Moitra predicted the industry would suffer heavily for the next six months and may take even longer for patients to find the courage to travel again to India.

A medical doctor at the National Hospital, Abuja, who spoke with SaharaReporters on the condition of anonymity, believes there was nothing to worry about as Nigerian patients needing emergency care can still get quality medical services at home.

He said, “There are different categories of medical intervention that people may need. Let’s say the Nigerian airport was functional, they (patients) just get into an air ambulance and are moved out of the country.

“With this lockdown that may be a bit difficult. But, there are just a few emergencies that cannot be attended to in Nigeria, especially in Abuja and Lagos.

“These two cities have hospitals that are equipped to handle any kind of emergency, except vascular surgeries, renal transplant and some cardiology procedures. Sometimes, the hospitals bring in those doctors to come and perform those surgeries in Nigeria.

“There are just a few emergencies that may take the life of a person because we don’t have those services in Nigeria. Those who go abroad, who have paid for surgeries and other expenses, might suffer but then generally, emergencies and surgeries can be done in Nigeria, especially Abuja and Lagos.”

Professor of Orthopaedic and Trauma Surgery, and immediate past President of the Nigerian Medical Association, Mike Ogirima, shed more light on the challenges and how it was impacting the health system in Nigeria while speaking with SaharaReporters.

He said, “We classify surgery into two: emergency and elective surgeries. Elective surgeries can wait till the condition improves and while waiting; we use the waiting period to prepare the patients.
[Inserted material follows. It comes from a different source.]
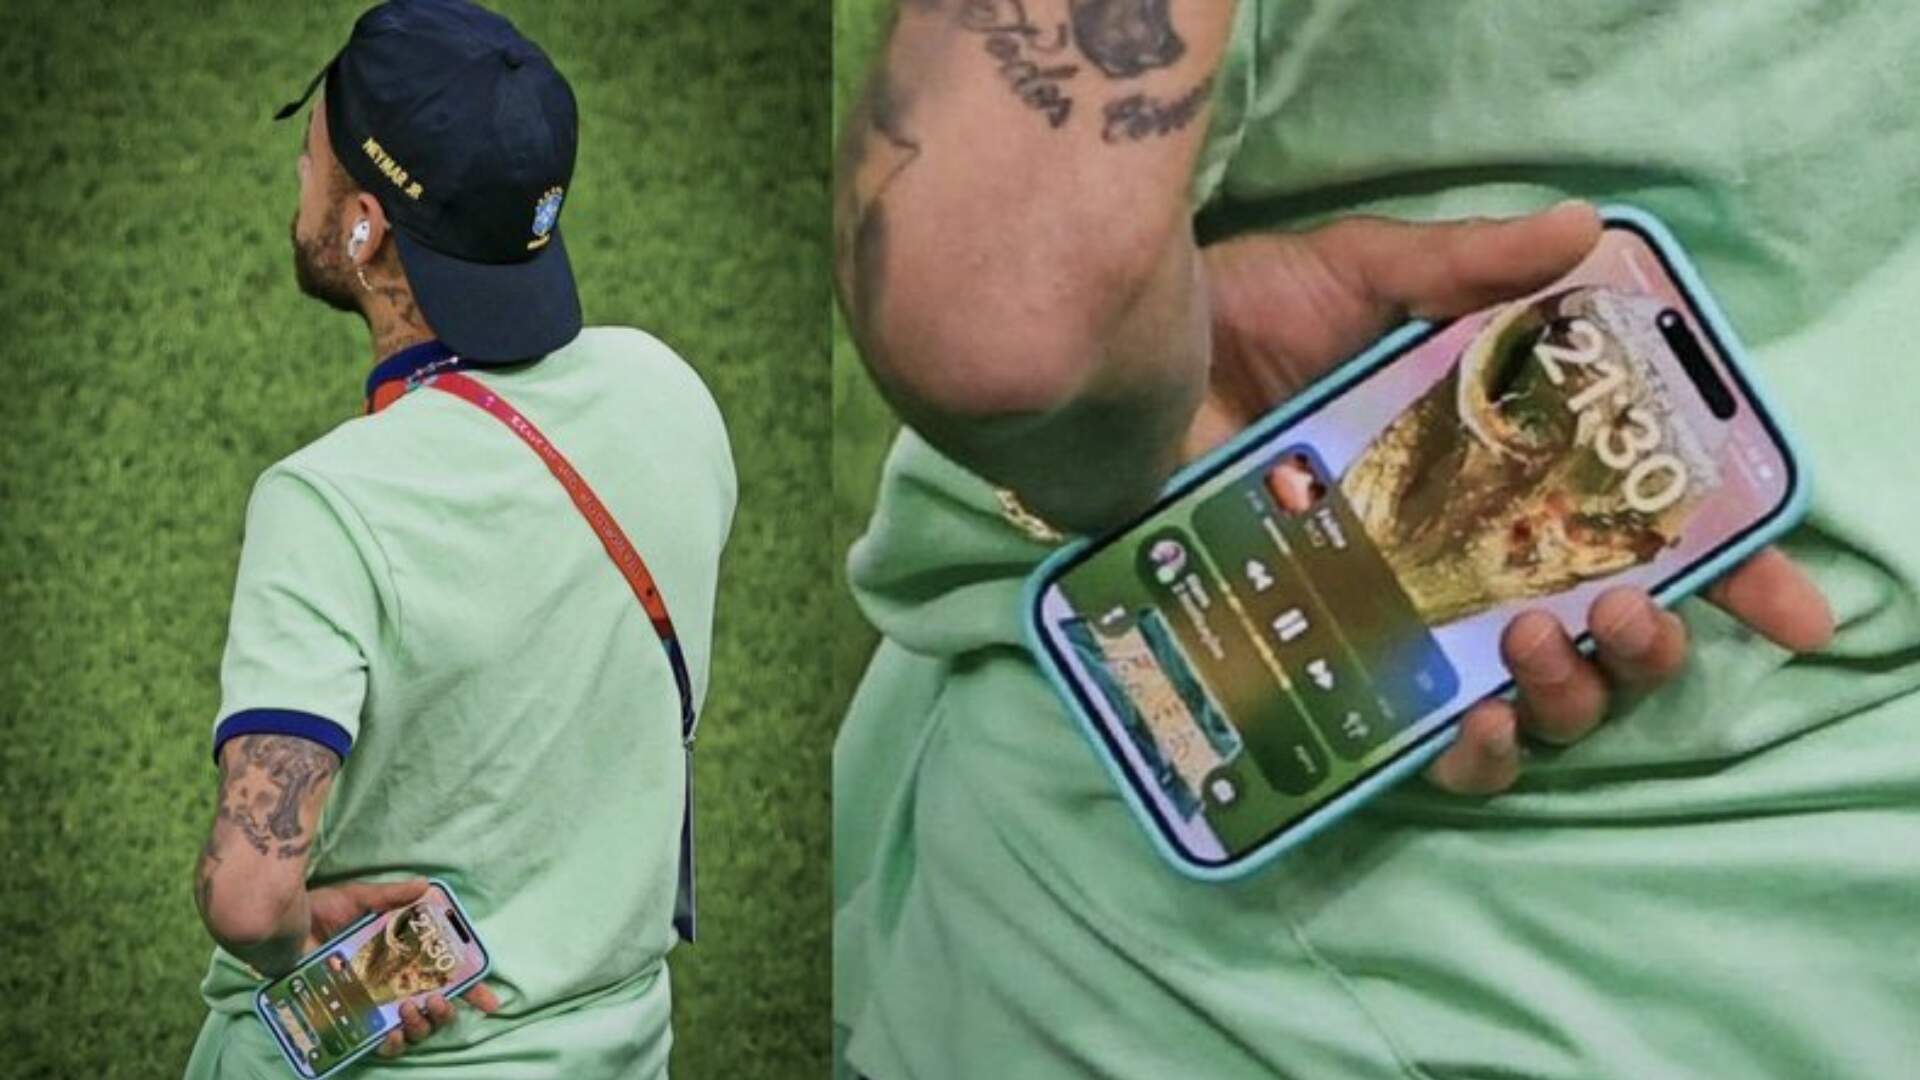 Neymar deixa escapar mensagem na tela do celular e agita web: “Bruna?” - Metropolitana FM

Those should wait until after the lockdown.

“For the emergency, you treat every patient that comes to you as an emergency as if they are positive and that we have been doing with patient with other infectious diseases that need surgery. Of course, affluent patients may elect to seek the second option outside the country and except that patient has a visa, it takes time and still boils down to elective surgery, which can still wait. I can’t think of any surgery that can’t be done in the country now. Any emergency surgery that is needed in this country can be carried out to save the lives of the patient.”
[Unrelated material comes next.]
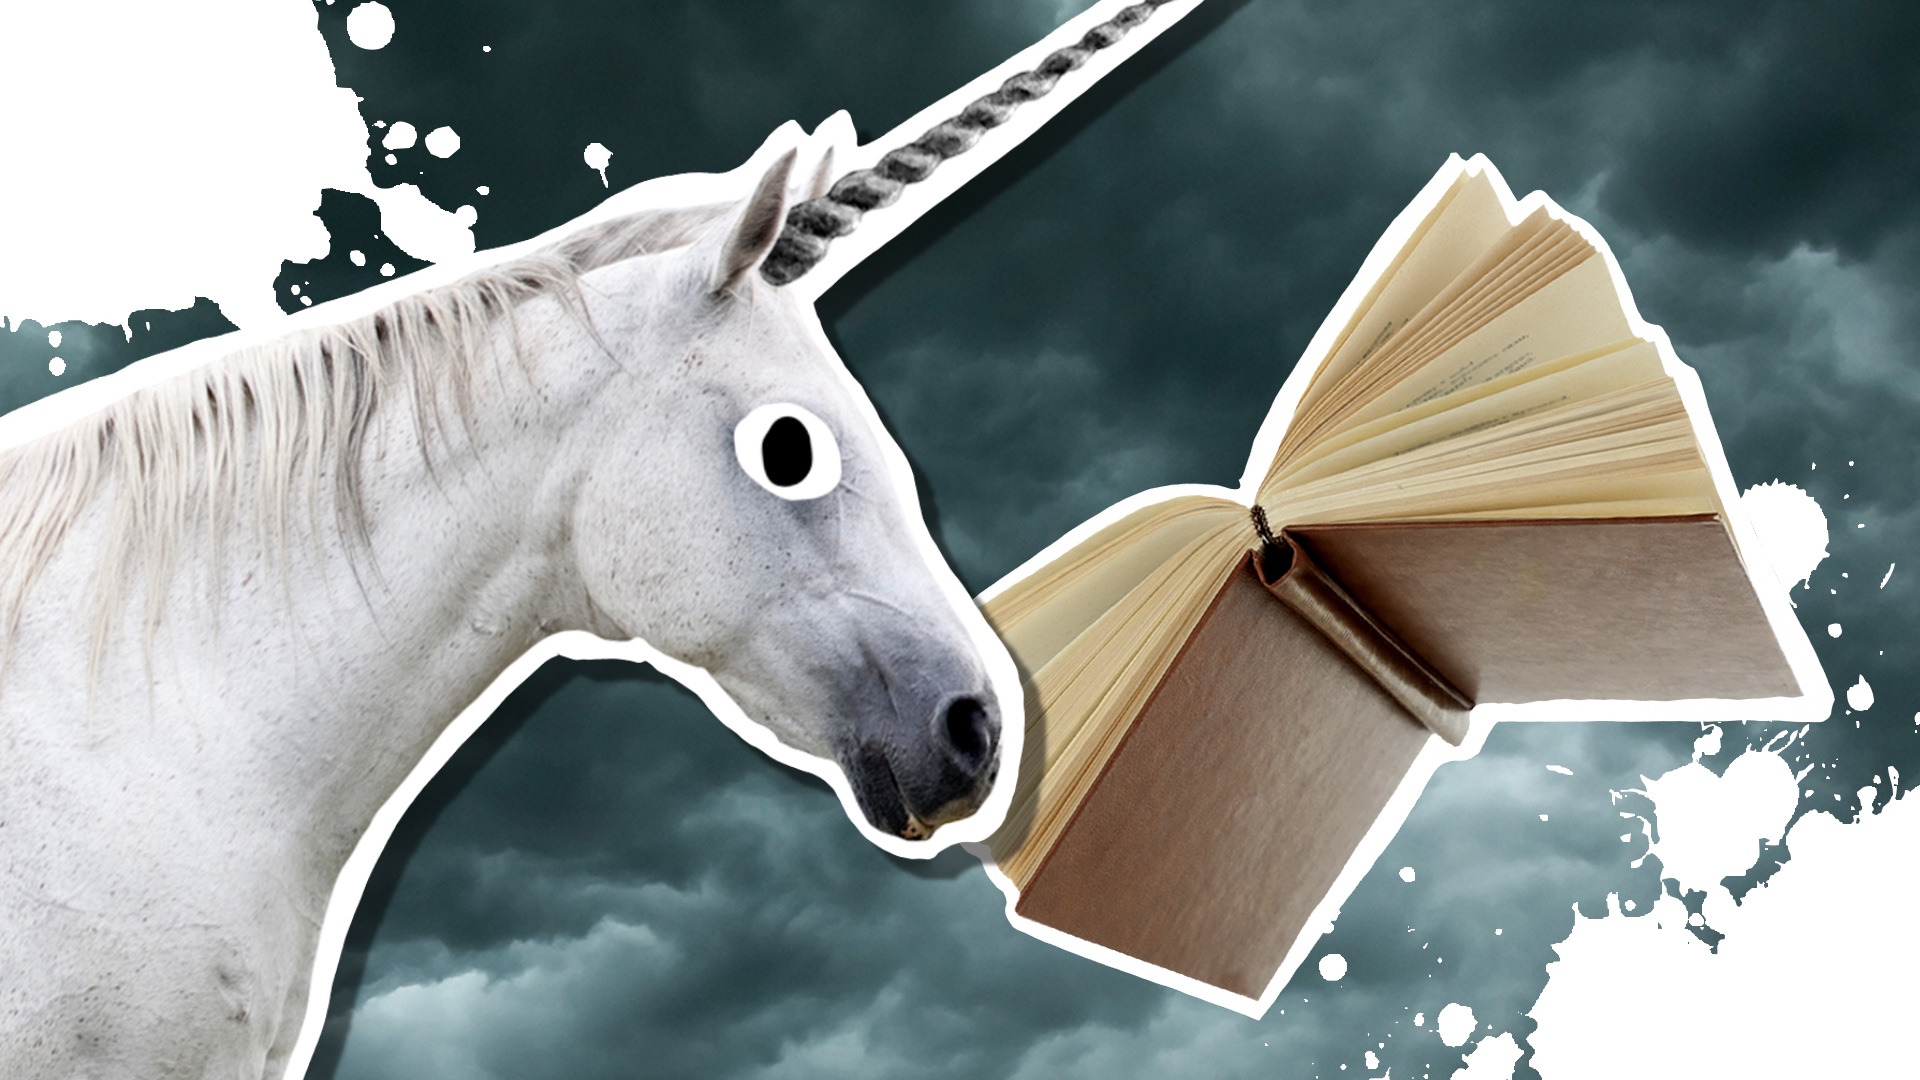 Unicorn and fantasy book

Ogirima said he hoped that the health system after COVID-19 pandemic would improve, adding that the inability of patients to travel abroad now should encourage government to transform Nigeria’s healthcare.

The ex-NMA President said it was obvious that Nigeria was not prepared for the pandemic.

He added, “All our advocacy shouts have not yielded results as many state governments have not been listening to advice from professional groups.  With what we have seen, Nigerians know that we don’t have enough capacity, in terms of resources, funding, human resources and equipment; we are way down the ladder.

“Apart from getting more primary healthcare centre functional, all state governments should be more responsive to their citizens.

“The idea of having general hospitals in those days, which are the secondary level of healthcare, has been abandoned by the state government.

“Everybody now leaves the rural areas, jumping the referral system, straight to the tertiary healthcare centres, which are the teaching hospitals or federal medical centres owned by the federal government. This should not be so.”

Other doctors, who spoke with SaharaReporters, advised patients unable to travel abroad owing to the lockdown to discuss with their doctors in Nigerians as they might be able to recommend other people to do those procedures in the country.

“There are doctors who can do renal transplant and neurosurgery. It’s about getting information from your Nigerian doctor and you‘ll be referred to the appropriate hospitals, which, most times, are private facilities. 

“Some of these hospitals have in-house expatriates from India, Pakistan, and other countries that are here in Nigeria,” a doctor at the National Hospital said.